Link to this sectionAplicaciones en el mundo real#
La utilidad de la visión artificial abarca prácticamente todos los sectores, automatizando tareas que antes requerían ojos humanos.
- Fabricación y control de calidad: En entornos industriales, la CV suele denominarse Visión artificial. Se utiliza para automatizar la inspección de calidad, detectando defectos minúsculos en los productos de una cadena de montaje de forma más rápida y precisa que los inspectores humanos. Por ejemplo, la IA en la fabricación permite la supervisión en tiempo real de los equipos para evitar fallos.
- Transporte autónomo: Los coches autoconducidos dependen totalmente de la CV para navegar con seguridad. Al procesar las entradas de cámaras y sensores LiDAR, estos vehículos realizan Detección de objetos 3D para identificar peatones, otros vehículos y señales de tráfico en tiempo real. Este es un componente crítico para alcanzar altos niveles de automatización de vehículos.
- Sanidad y diagnóstico: Los radiólogos utilizan la CV como ayuda para identificar anomalías en radiografías, resonancias magnéticas y tomografías computarizadas. La IA en sanidad ayuda a detectar enfermedades de forma precoz, como la identificación de tumores, resaltando regiones de interés que podrían pasar desapercibidas al ojo humano.
Link to this sectionVisión artificial frente al procesamiento de imágenes#
Es importante distinguir la CV del Procesamiento de imágenes, aunque a menudo trabajen juntos.

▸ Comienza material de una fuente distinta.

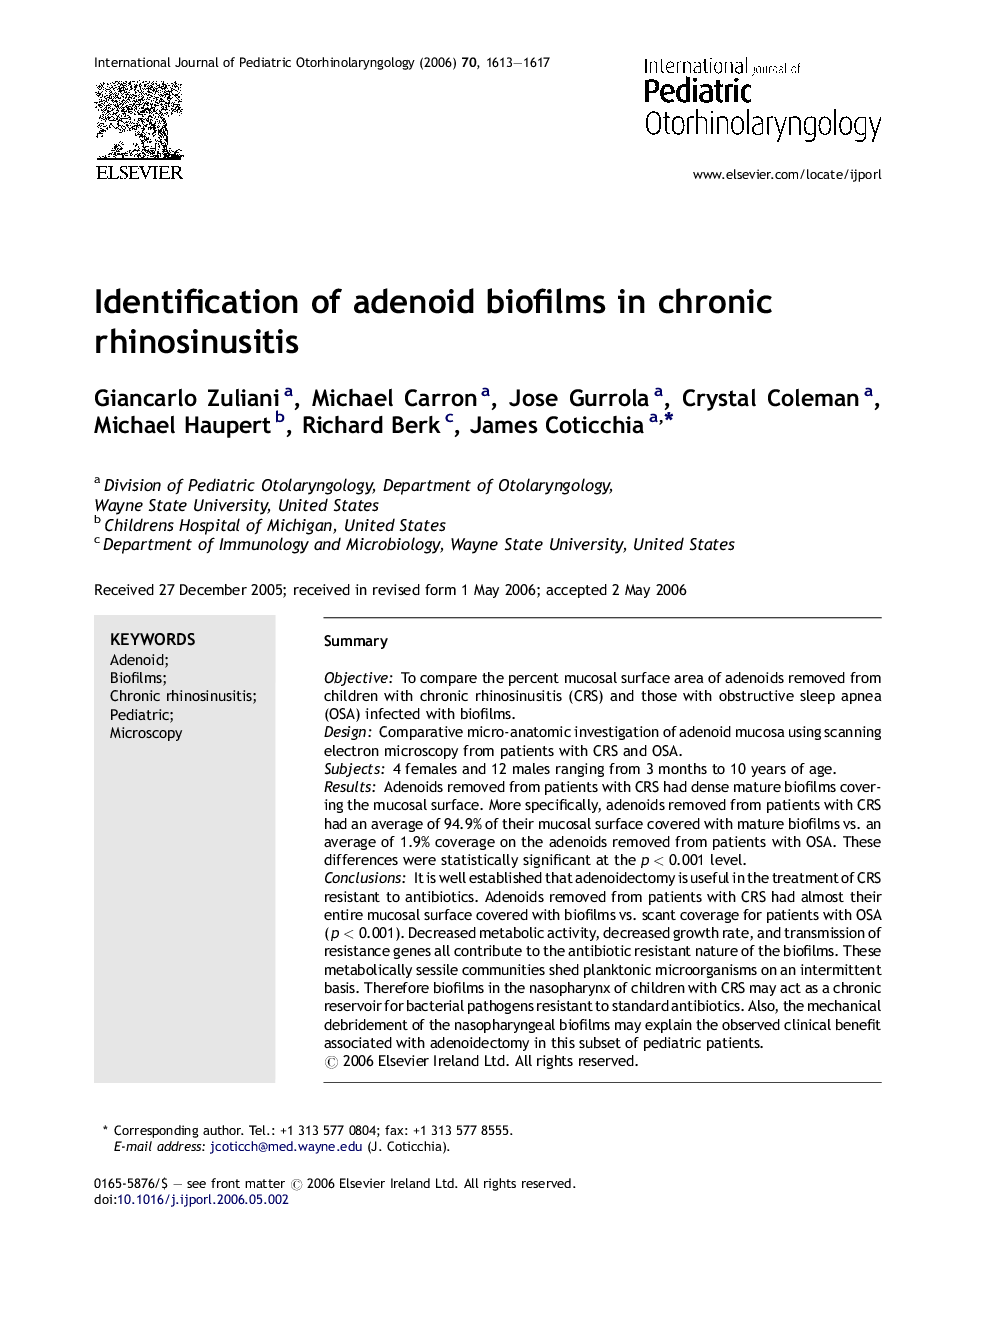 Identification of adenoid biofilms in chronic rhinosinusitis

- El Procesamiento de imágenes consiste en manipular una imagen para mejorarla o extraer información (p. ej., ajustar el brillo, el contraste o aplicar filtros como los de Adobe Photoshop). El resultado suele ser otra imagen.
- La Visión artificial toma una imagen como entrada y genera información o una interpretación (p. ej., "Hay tres personas en esta habitación"). La CV utiliza técnicas de procesamiento de imágenes para preparar las imágenes para su análisis por parte de Redes neuronales.
Link to this sectionImplementación de la Visión artificial con Python#
Las bibliotecas modernas han hecho accesible la implementación de potentes modelos de CV. El siguiente ejemplo demuestra cómo cargar el modelo de última generación YOLO26 para detectar objetos en una imagen utilizando el paquete ultralytics.
from ultralytics import YOLO
# Load the YOLO26n model (nano version for speed)
model = YOLO("yolo26n.pt")
# Run inference on a standard example image
# The model identifies objects and their locations
results = model("https://ultralytics.com/images/bus.jpg")
# Display the resulting image with bounding boxes
results[0].show()Este sencillo script utiliza un modelo preentrenado para realizar tareas complejas de inferencia, lo que demuestra la accesibilidad de las herramientas de IA modernas. Para los desarrolladores que buscan ir más allá de las imágenes estáticas, la CV también impulsa la Comprensión de vídeo y los sistemas de seguimiento en tiempo real utilizados en seguridad y análisis deportivo. Al integrarse con bibliotecas como OpenCV, los desarrolladores pueden crear aplicaciones completas que capturen, procesen y analicen el mundo visual.